La Vesperbild più classica, nata nei Paesi nordici d’Europa, mostra la Madre che sorregge il figlio morto sulle sue ginocchia e in grembo, come lo stesso Michelangelo farà nella sua prima Pietà per San Pietro. L’unione sacrificale fra il Cristo e la Vergine nel Nord Europa si condensa in questa forma, mentre è più raro il busto dell’Uomo dei dolori consolato dalla madre. Già uno studioso di grande levatura come Émile Mâle nel 1908 si era interrogato sulla diffusione di questa e altre formae pietatis legate all’Uomo dei dolori e si era risposto che dipendeva dal desiderio del fedele di «associarsi alla passione di Cristo». Ci stiamo avvicinando alla Devotio moderna, dove preghiera ed empatia s’intrecciano. In realtà, c’è molto di più.

Intanto si deve osservare che a partire dal XV secolo predomina, soprattutto nelle sculture, un forte realismo nell’espressione della Passione di Cristo, cui corrisponde una più trattenuta fisiognomica del dolore della Madonna. Questo emerge dall’accentuazione drammatica dei segni della sofferenza sul corpo del Cristo, per esempio nella Vesperbild lignea di scultore tedesco di fine Trecento proveniente da Francoforte, che mostra invece nel volto della Vergine, nel suo modo di guardare il figlio morto, un silenzio umile, un tacet che sposta il fuoco dentro il corpo, nel grembo stesso della madre, quasi a inverare le parole di Rabano Mauro nell’VIII secolo a proposito del corpo umano che «viscera mystice significant affectum pietatis et misericordiae». Ciò che emerge in quella scultura, come nelle altre Vesperbild di area tedesca e boema, in pietra e terracotta, così anche nella più arcaica del Maestro di Rimini su alabastro databile attorno al 1430 o in quella lignea del Vecchietta di qualche lustro più tarda, col plastico inarcarsi del corpo del Cristo e il bellissimo gesto della mano cadente che “tocca terra”, e ancora nell’altrettanto bello schema formale nella Pietà del Carpaccio (di collezione privata) in cui la testa del Cristo con la lunga criniera di capelli rossi che cadono sulla verticale ha qualcosa di arcano e modernissimo; ecco, ciò che emerge da queste immagini di devozione è un realismo inedito. Un «realismo sacramentale», lo definì Belting, che nell’Imago pietatis evocava il paradosso di un Redentore apparentemente morto ma in realtà vivo nei misteriosi recessi della sua carne: «Nel corpo sacrificato il Salvatore vivo creò le premesse al realismo dell’immagine ».
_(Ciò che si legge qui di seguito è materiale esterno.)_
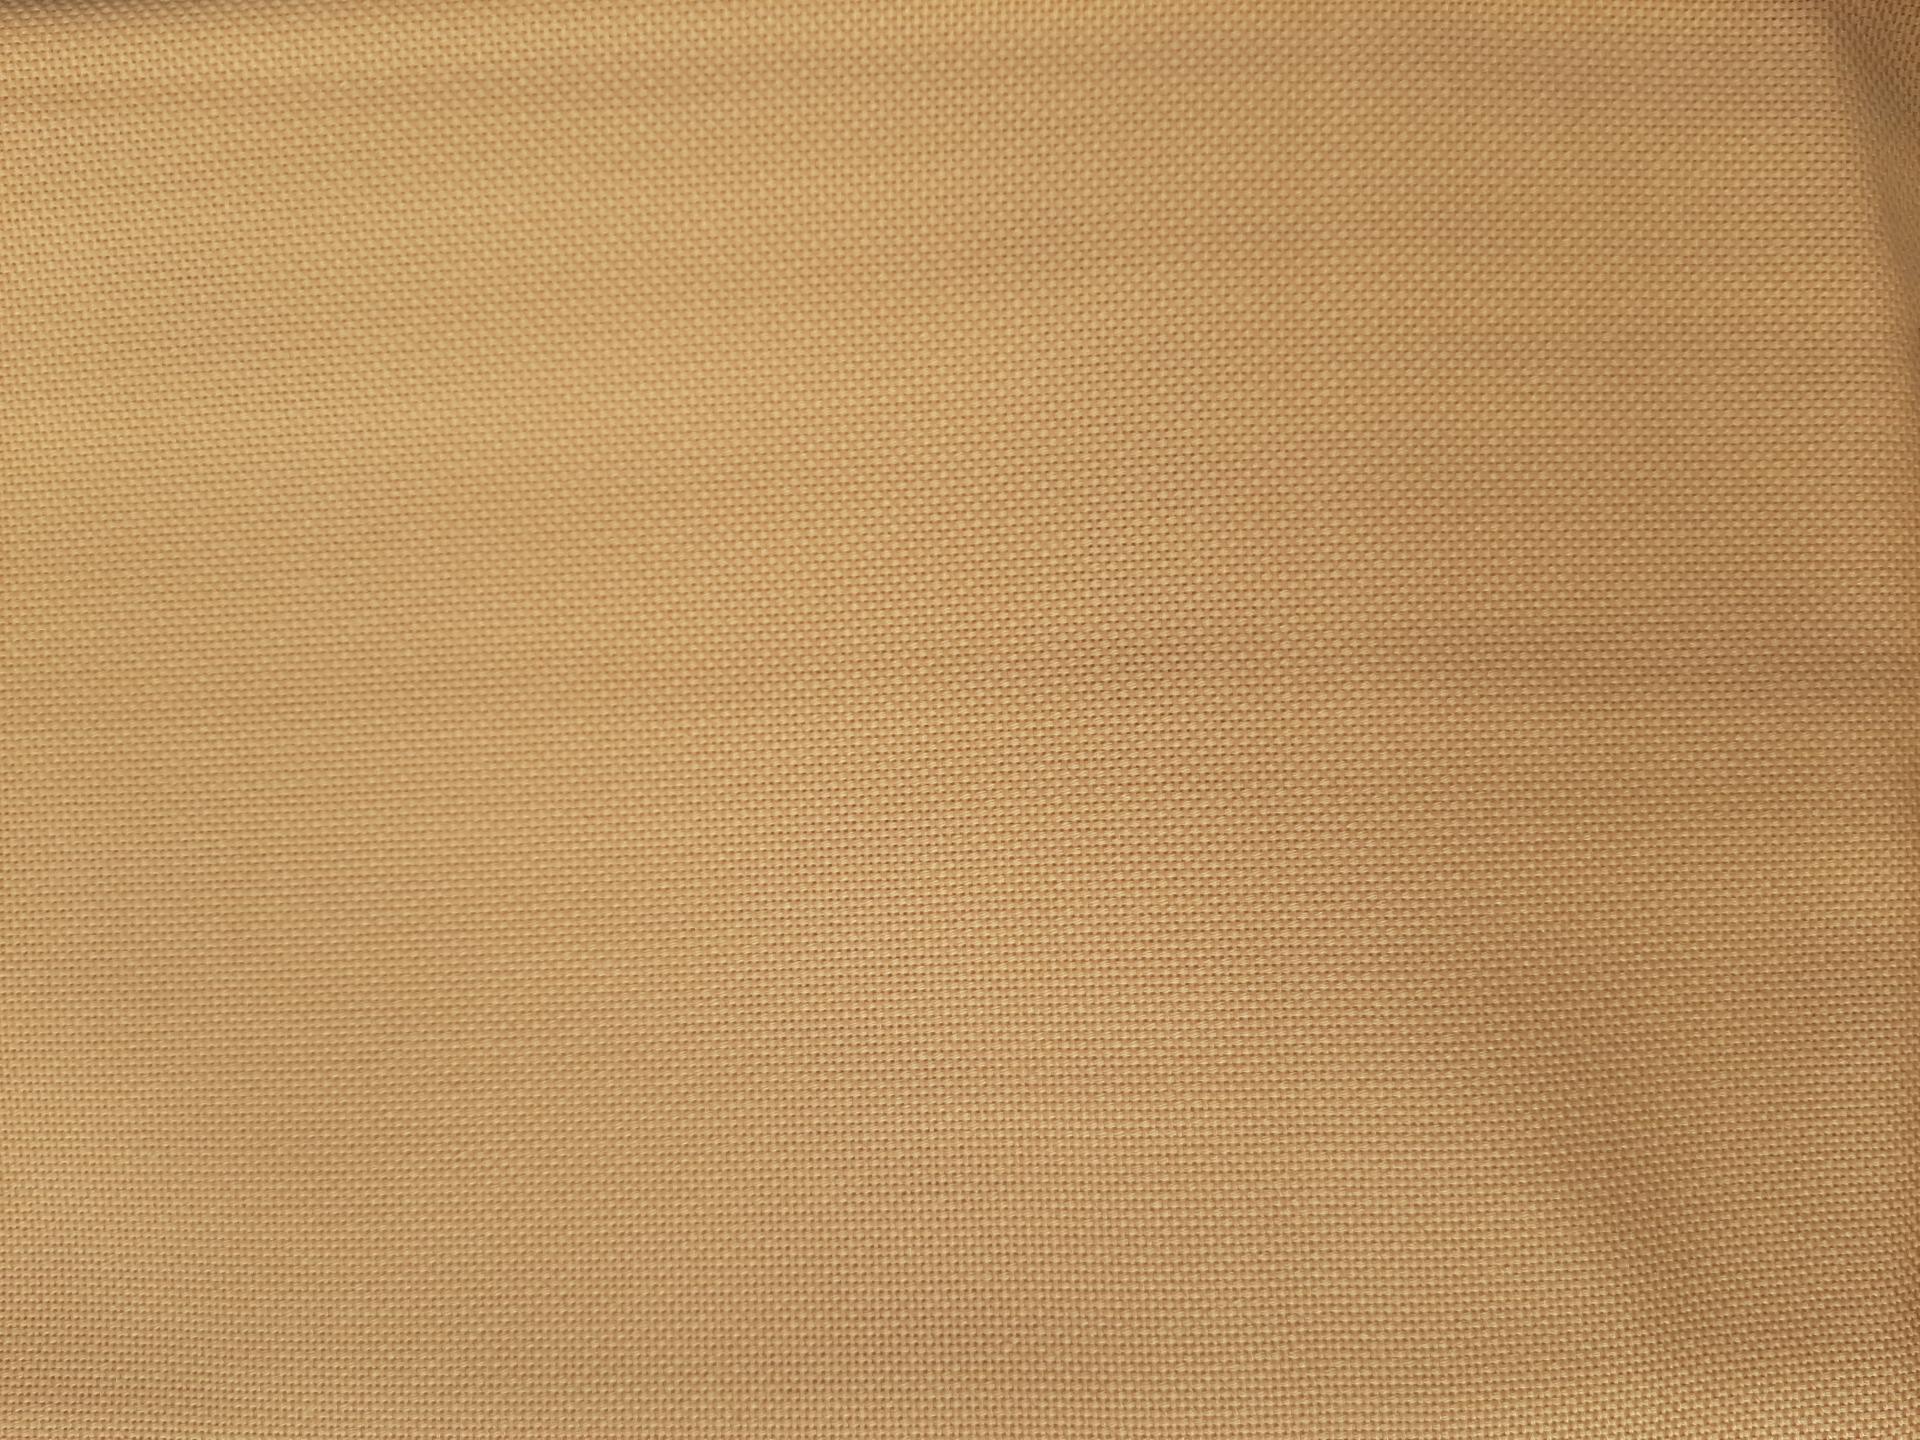 Toile a broder hofer murano 403 etamine 10 fils vanille 241 b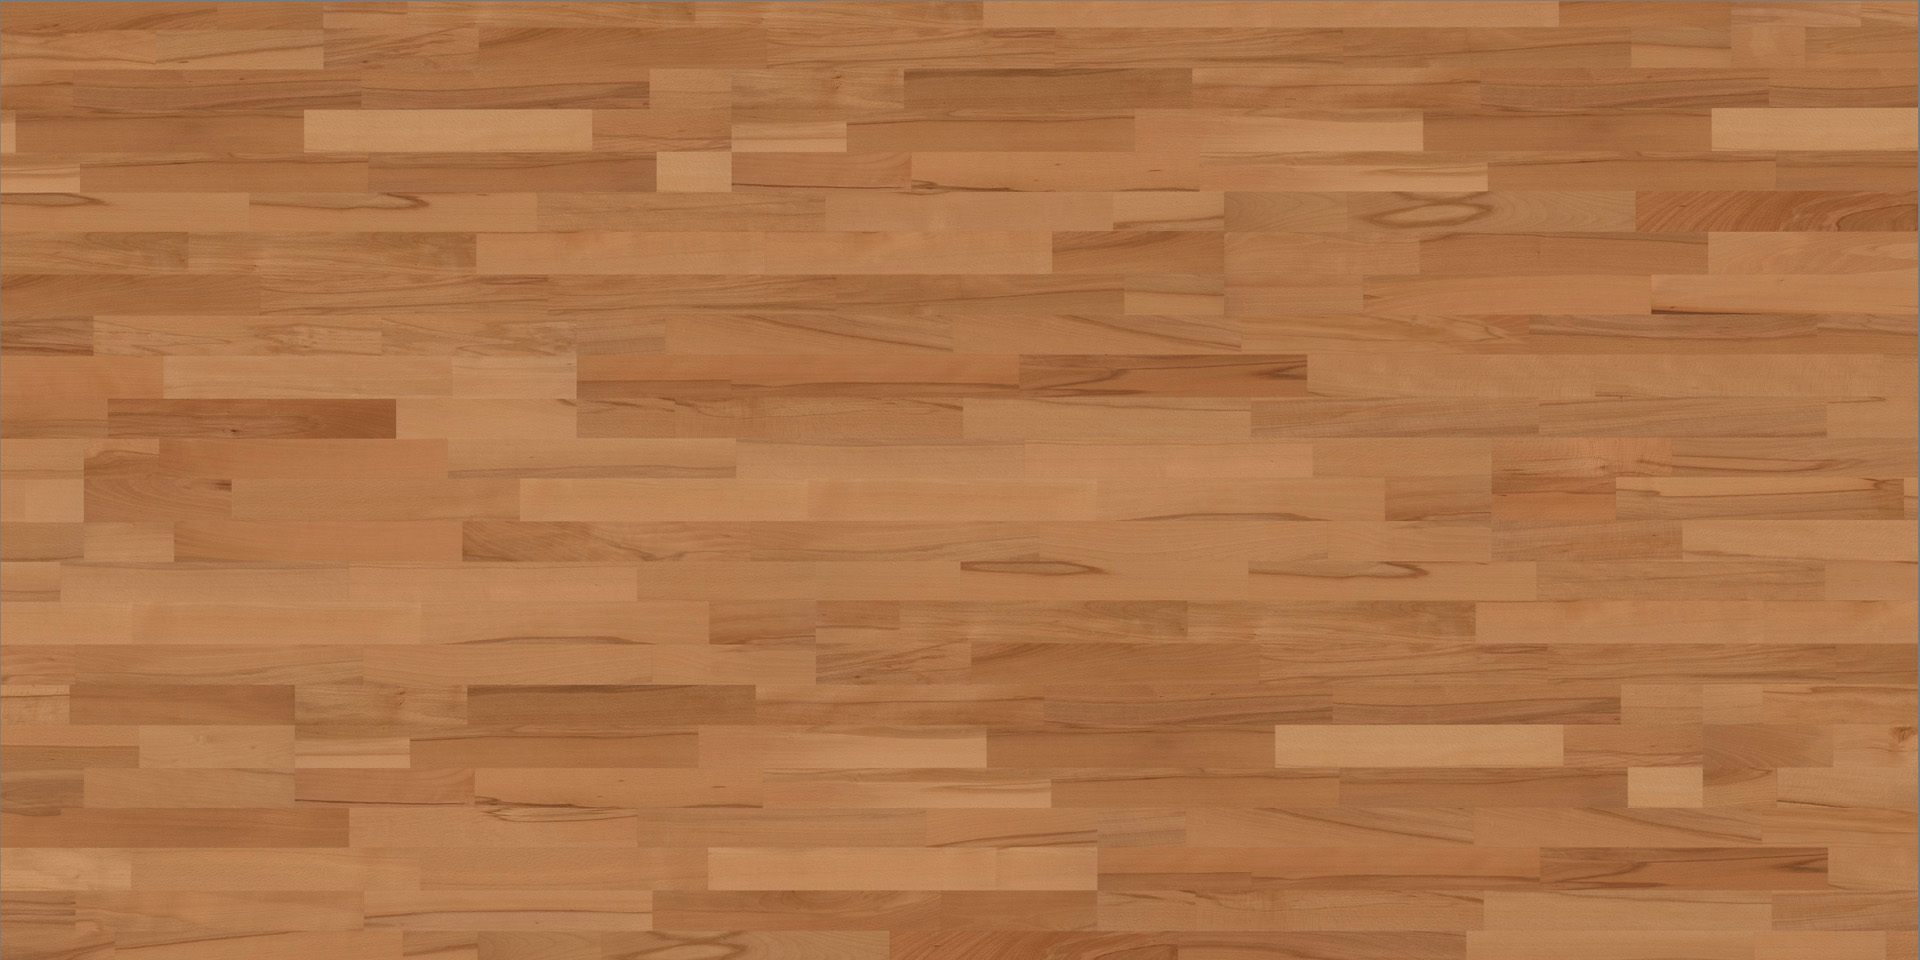 fertigparket buche ged mpft rustikal nut feder 3 stab fertigparkett lackiert der boden. Black Bedroom Furniture Sets. Home Design Ideas

Ma dopo aver considerato i legami più o meno espliciti fra Imago pietatis e Vesperbild, si deve notare che la loro relazione sussiste proprio nella crescita d’importanza del grembo materno fino a essere il locus nel quale l’immagine del Cristo morto trova il suo compianto e il suo sepolcro. In tal senso, la copia in gesso della Pietà di San Pietro esposta a Milano ci presenta la madre giovanissima, di età minore a quella del Cristo morto che sostiene e il cui marmo originale ha la lattea e diafana luminosità di una crisalide, tutta racchiusa nel silenzio. Ci appare imponente e spaziosa nel gesto che allarga la veste per accogliere il corpo del figlio come dentro un sudario-placenta (il verso dantesco «figlia del tuo Figlio» e molte pagine della Patristica sulla sposa del Cantico sono rivelate nella scultura).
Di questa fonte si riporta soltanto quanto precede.